Cluster 2 – Contact. These hitters are not being fooled, swinging less often but making contact when they do. They have good averages but could benefit from increased power. Ex: Jeff McNeil.
Cluster 3 – Whiffs. These players are not making as much contact, swinging and missing a lot, and have low averages/expected averages. Ex: Cody Bellinger.
Cluster 4 – Good, not great. Don’t let the colorless cells fool you, these hitters are good. They make good hard contact, get on base often and rarely get fooled. Ex: Juan Soto.
Cluster 5 – Aggressive. These hitters are swinging outside of the zone often, at the first pitch often, and getting on base less often. Ex: Nick Castellanos.
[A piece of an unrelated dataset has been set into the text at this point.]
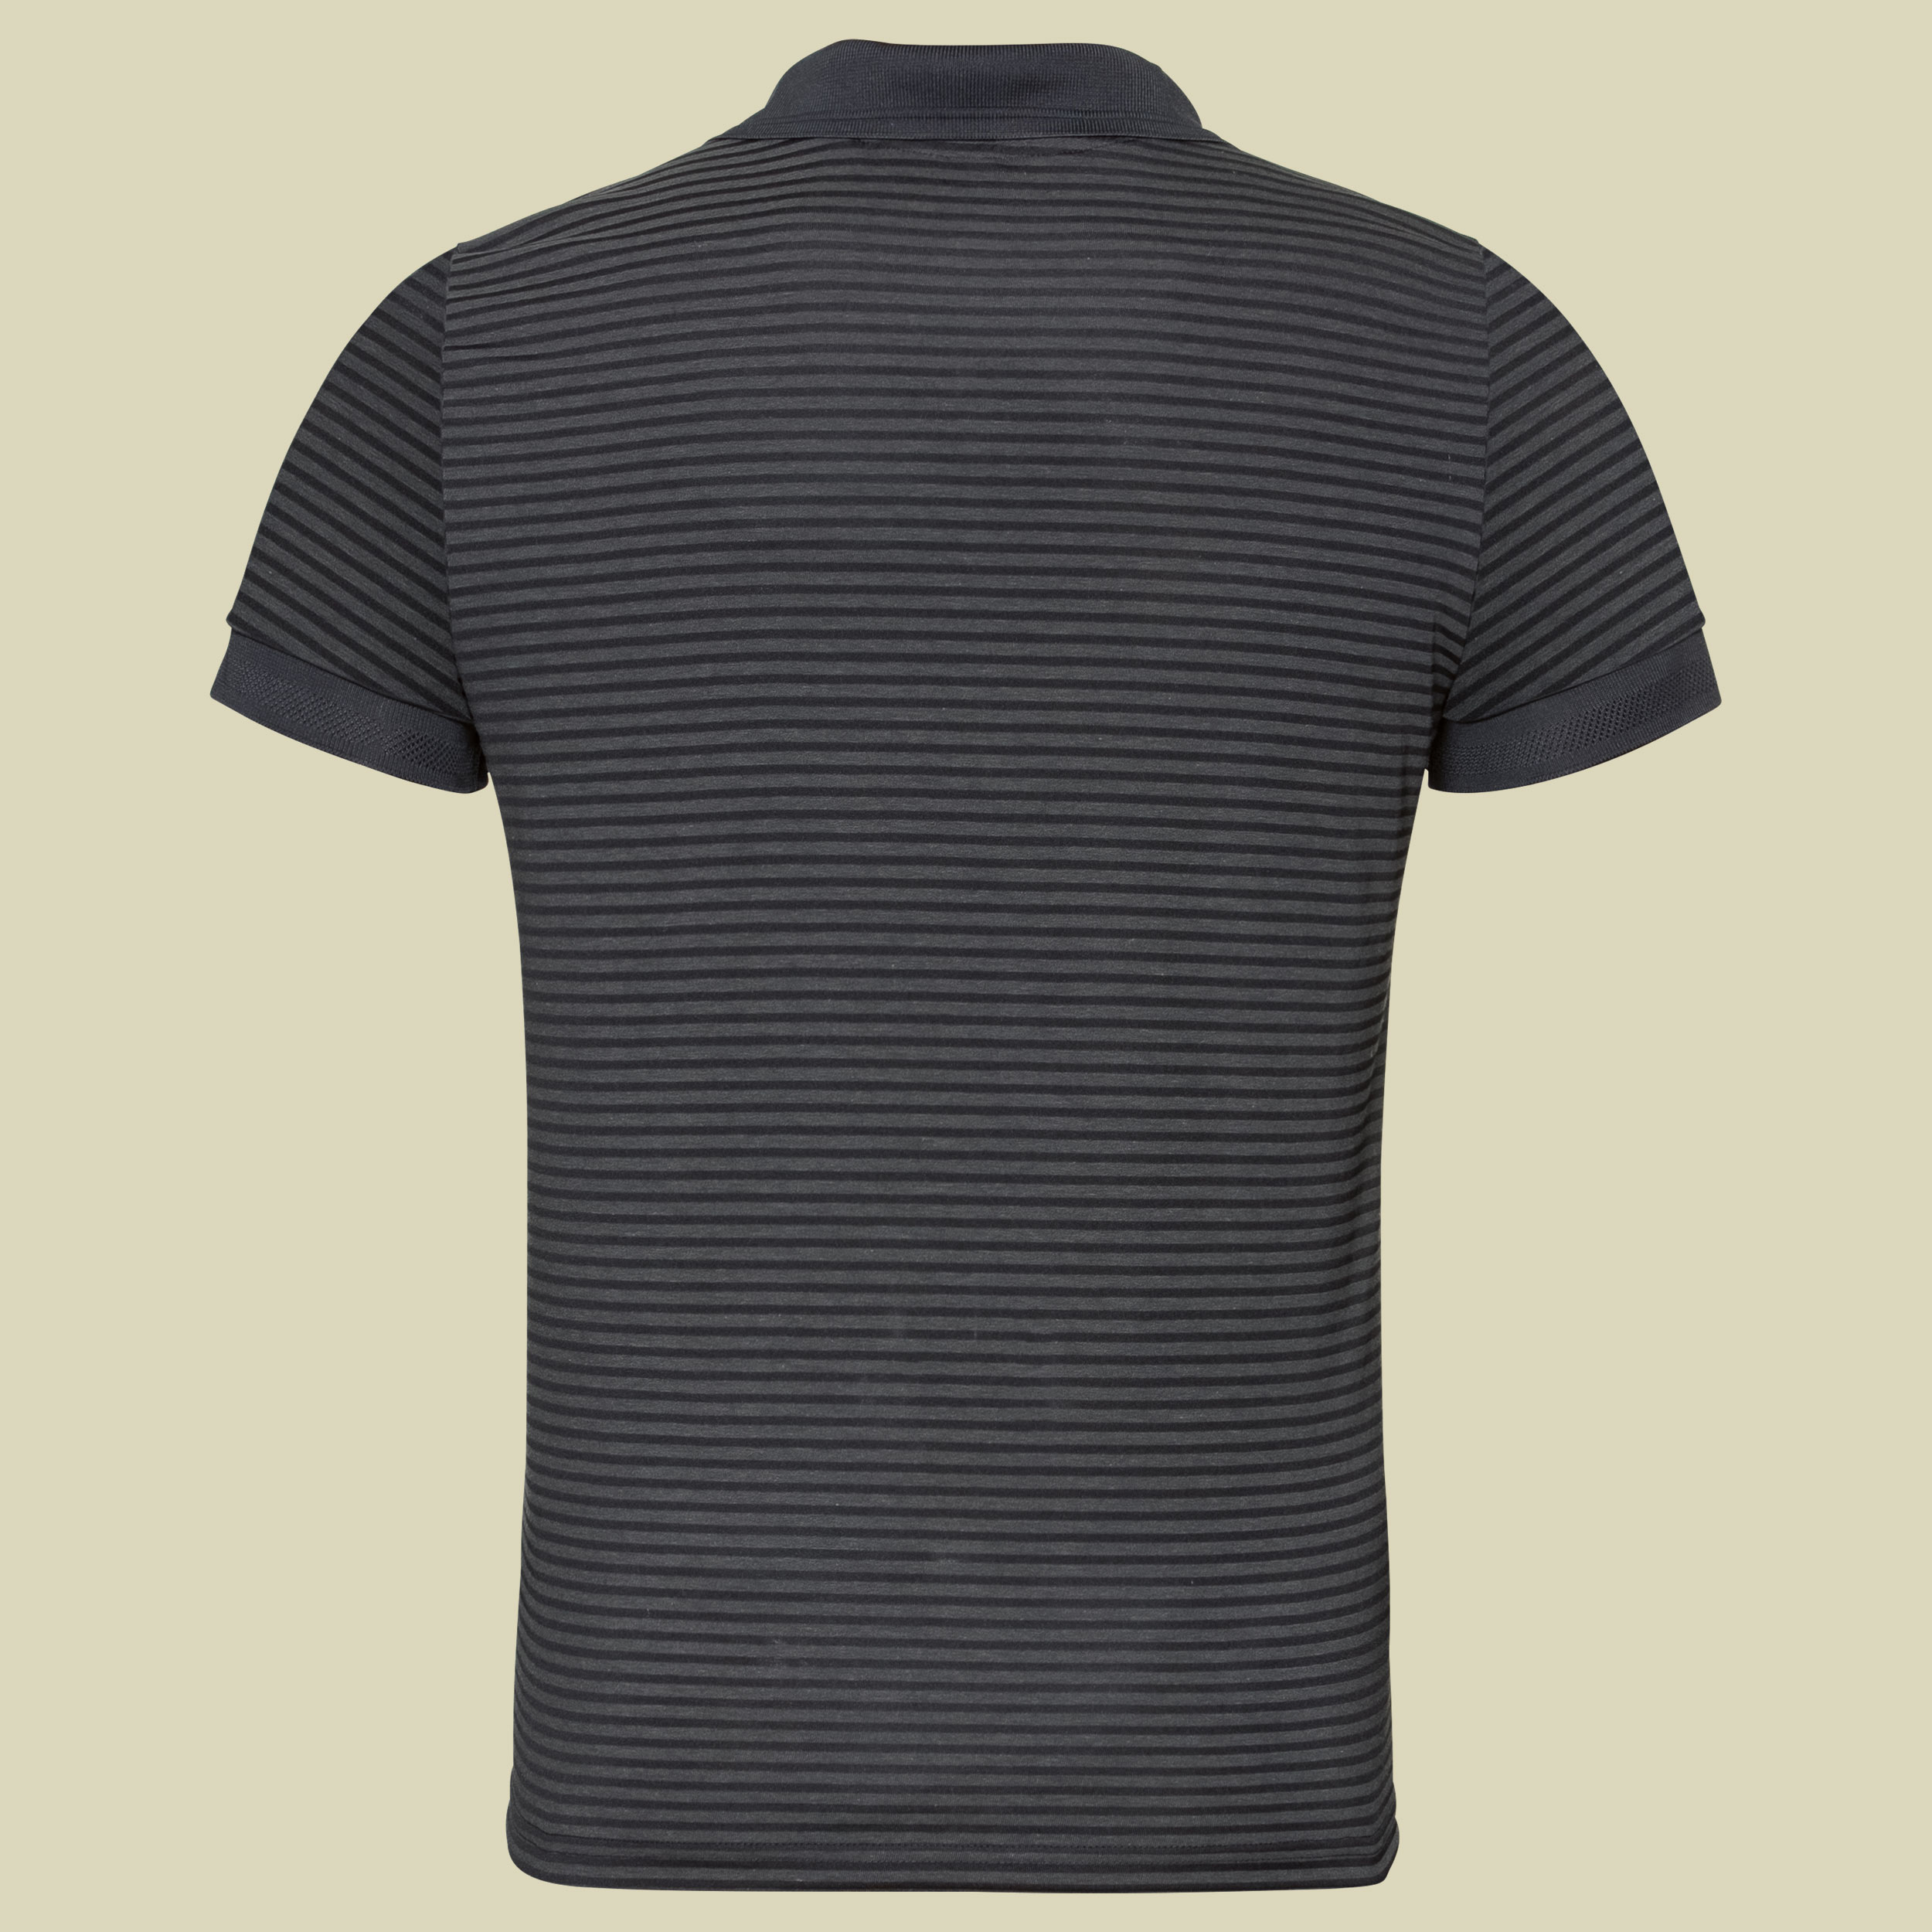 Polo s/s Nikko Dry men  Größe S Farbe black-odlo steel grey stripes

Cluster 6 – Expected. These hitters are accomplishing what x-stats say they should. They hit the ball hard, but could perhaps benefit from a little more patience. Ex: Ryan Mountcastle.
–
Now to put the cherry on top, which cluster provided the most hitting value (mSB excluded from calculation) in roto dollars? Well, we can use the YTD 2022 auction calculator to find that, as you would guess, cluster 1 wins because they had Aaron Judge. But, what about the others? Here’s the average value produced from each cluster in 2022:
Cluster 1 $23.61
Cluster 2 $4.69
Cluster 3 $4.71
Cluster 4 $16.39
Cluster 5 $4.46
Cluster 6 $13.60
–
If you’re wondering what all of this means for your 2023 season draft, you’re not alone. One thing that is very interesting, however, is that cluster 4 has no statcast max level yellow highlighting it’s row, yet these are the second most valuable players. Cluster 6 is doing what we expect them to do, they are valuable and they own the barrel% category. While everyone is looking at MaxEVs and baseball savant profiles, these clusters may be helpful in finding value at discounts. Now, here’s a very long table of each player and their respective cluster. Enjoy.
Great work.
I think there are always too many categories. It would be interesting to see which ones are correlated and either combine or remove them.
MaxEV, AvgEV, Barrel%, HardHit%, SLG, xSLG, and a useful xISO (xSLG-xAVG). Get them down to one metric.
It’s the same with plate discipline numbers.
My guess you’ll end up with a power value, a LA value, contact value, and an OOZ/chase value.